00:23:00.820 | You can use also a personal Microsoft account.

00:23:16.260 | Like, you can use an Outlook.com.

00:23:19.860 | You can use, if you have an Xbox, you can use an Xbox account.

00:23:26.980 | Any Microsoft account or any of the consumer domains out there.

00:23:33.140 | So, in your case, you might want to try a personal account.

00:23:38.260 | And to be honest, in that case today, it's usually easier.

00:23:45.300 | Like, you do not need to use a corporate account today.

00:23:49.140 | There is absolutely no need.

00:23:50.340 | I just have a question about that first slide you had up.

00:23:56.260 | So, you're saying an agent can go do a SQL query,

00:23:59.140 | come back, use the code interpreter, and then make a graph.

00:24:03.380 | Is there any reason you're using agents to that,

00:24:06.180 | as opposed to just training all the workflows and injecting the tools?

00:24:11.700 | You could totally do that.

00:24:13.540 | Yeah.

00:24:14.100 | I'm just wondering if there's a reason why we're using agents to that sort of stuff.

00:24:20.020 | Well, like I said, we need to go back to the definition of what an agent is.

00:24:25.460 | And like I said, it's a bit of an overloaded term those days.

00:24:34.180 | It encapsulates a wide range of definition, including the simplest.

00:24:38.740 | Today, we are not in the simplest use cases.

00:24:42.820 | We are not in the more complex use cases.

00:24:44.740 | For example, at the beginning, I said,

00:24:46.340 | one of the things that an agent can do is be goal driven and iterate until it achieves the goal.

00:24:54.260 | Today, we are not going to see that specific thing.

00:24:57.140 | We're going to stop one step.

00:24:58.820 | We're going to be in the middle in terms of complexity.

00:25:01.300 | Sorry.

00:25:02.980 | We are going to be above the simple completion.

00:25:06.580 | And we are not going to see the looping.

00:25:12.980 | We are going to be seeing a mix of using tools and code interpreter with multiple data sources,

00:25:22.740 | where the information from all those are mixed together to do reasoning and act on the words.

00:25:29.060 | We're going to see that.

00:25:30.580 | And yes, you could do that using just an LLM locally.

00:25:34.660 | Nothing would prevent you from doing that.

00:25:37.140 | Except today, we're using app service, which manages everything server side.

00:25:45.060 | Also, I'm going to show the limits.

00:25:48.900 | Today, I'm going to give examples so that you get a sense and you touch exactly when the current

00:25:58.580 | architecture hits its limits and when you need to go further and use a more orchestrated

00:26:09.780 | planning and orchestration that iterates which loops until it reaches the goal.

00:26:15.940 | And I'm going to give an example where you see where it breaks.

00:26:26.020 | Okay, where were we?

00:26:26.660 | Training key.

00:26:28.180 | Okay.

00:26:29.300 | After you click on launch.

00:26:30.260 | Building?

00:26:38.020 | Oh my god.

00:26:40.100 | It's not pre-built.

00:26:42.740 | I thought they would be pre-built.

00:26:58.260 | Did everybody click on the build button?

00:27:07.540 | Yes.

00:27:07.540 | Okay, please do.

00:27:10.340 | So that means we have eight minutes to answer questions.

00:27:13.700 | So we just had one, thank you.

00:27:19.300 | Yes, one more.

00:27:24.820 | If an agent is just an LLM running on a loop until it thinks that it's done what you've asked it to do.

00:27:30.980 | Yes.

00:27:31.940 | How does it know--

00:27:33.220 | When to stop?

00:27:34.420 | Yeah, how does it know when to kick back out of that recursion?
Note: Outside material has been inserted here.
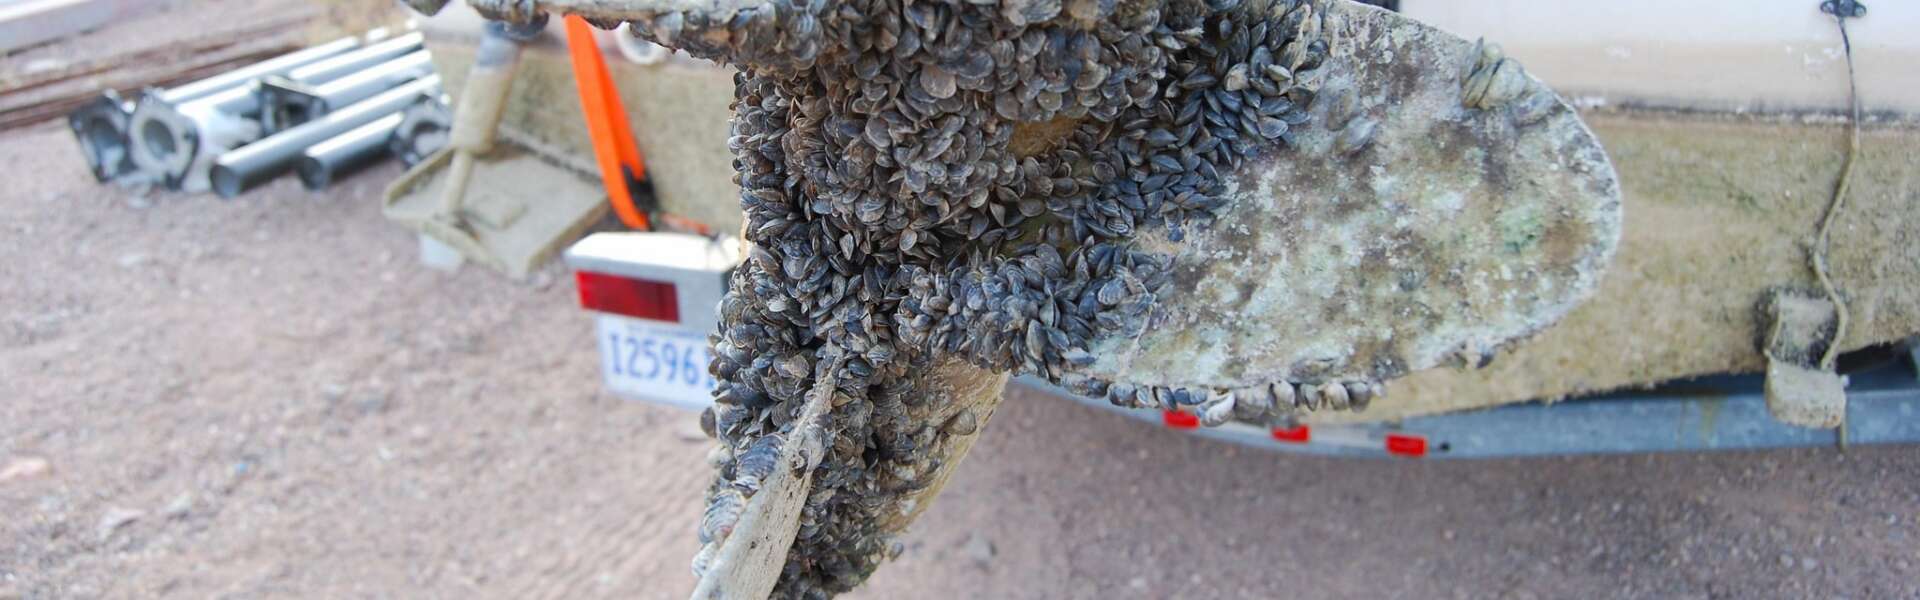 Zebra mussels are seen encrusted on a boat propeller

00:27:38.500 | Yeah, so today, we are not going to-- we are going to see the limits of not--

00:27:47.460 | Okay, you have two types of agents, two levels of complexity.
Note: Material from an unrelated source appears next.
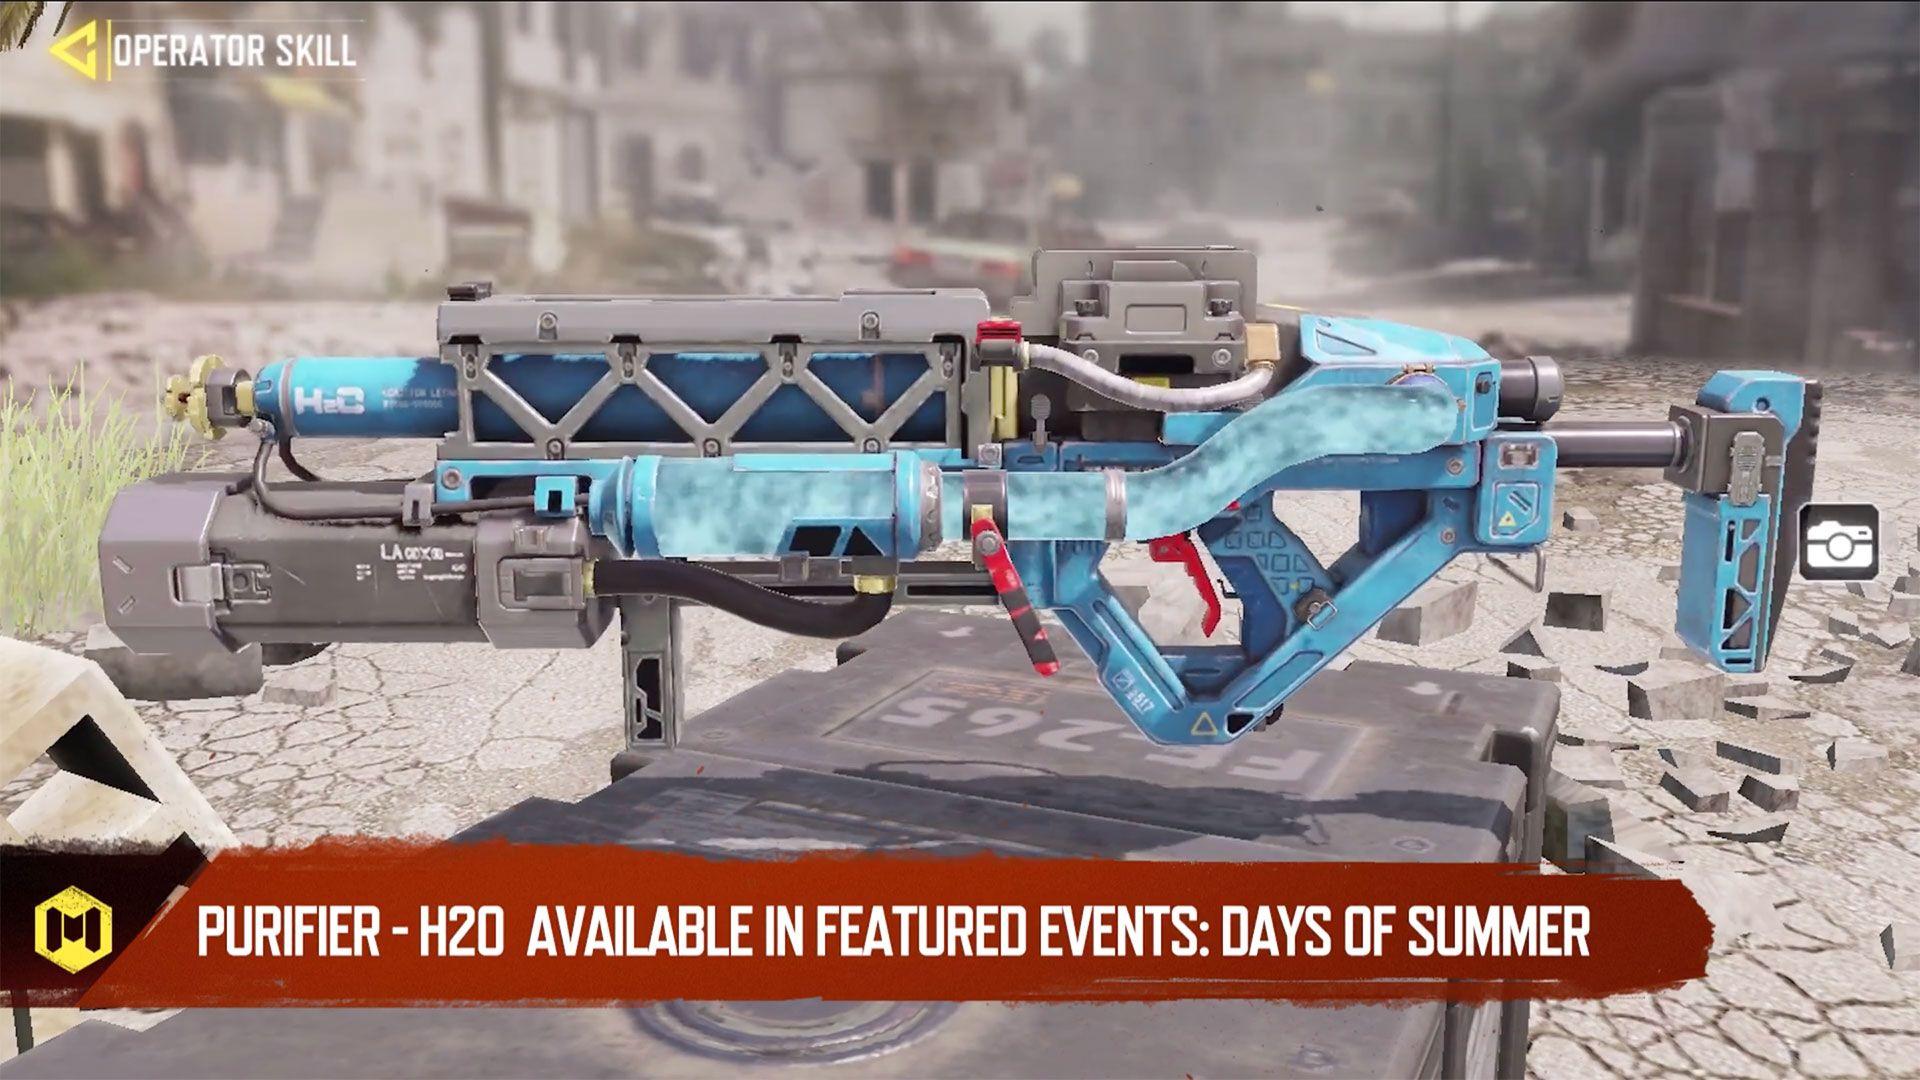 CoD Mobile skin H20 Purifier Activision Summer Days

00:27:52.020 | An agent does not have to do the looping to be called an agent in the simpler

00:27:58.500 | area of the spectrum.

00:28:02.180 | In order to go one step further and do that looping, you need to use something like autogen, for example.

00:28:15.540 | Those types of agents, you need to define a criteria of done, a definition of done, basically.

00:28:22.100 | And you're going to have-- and the criteria can be implemented programmatically, deterministically,

00:28:28.420 | or using an LLM, which decides, is it done?

00:28:31.860 | Like, is the task finished?

00:28:33.380 | Or have we accomplished the goal?

00:28:35.860 | And the workflow engine is going to loop until the goal is reached.

00:28:43.380 | But it is the most tricky thing, in my opinion, fairly.

00:28:47.060 | That's when you're going to develop an agent, figuring out when to stop is tricky.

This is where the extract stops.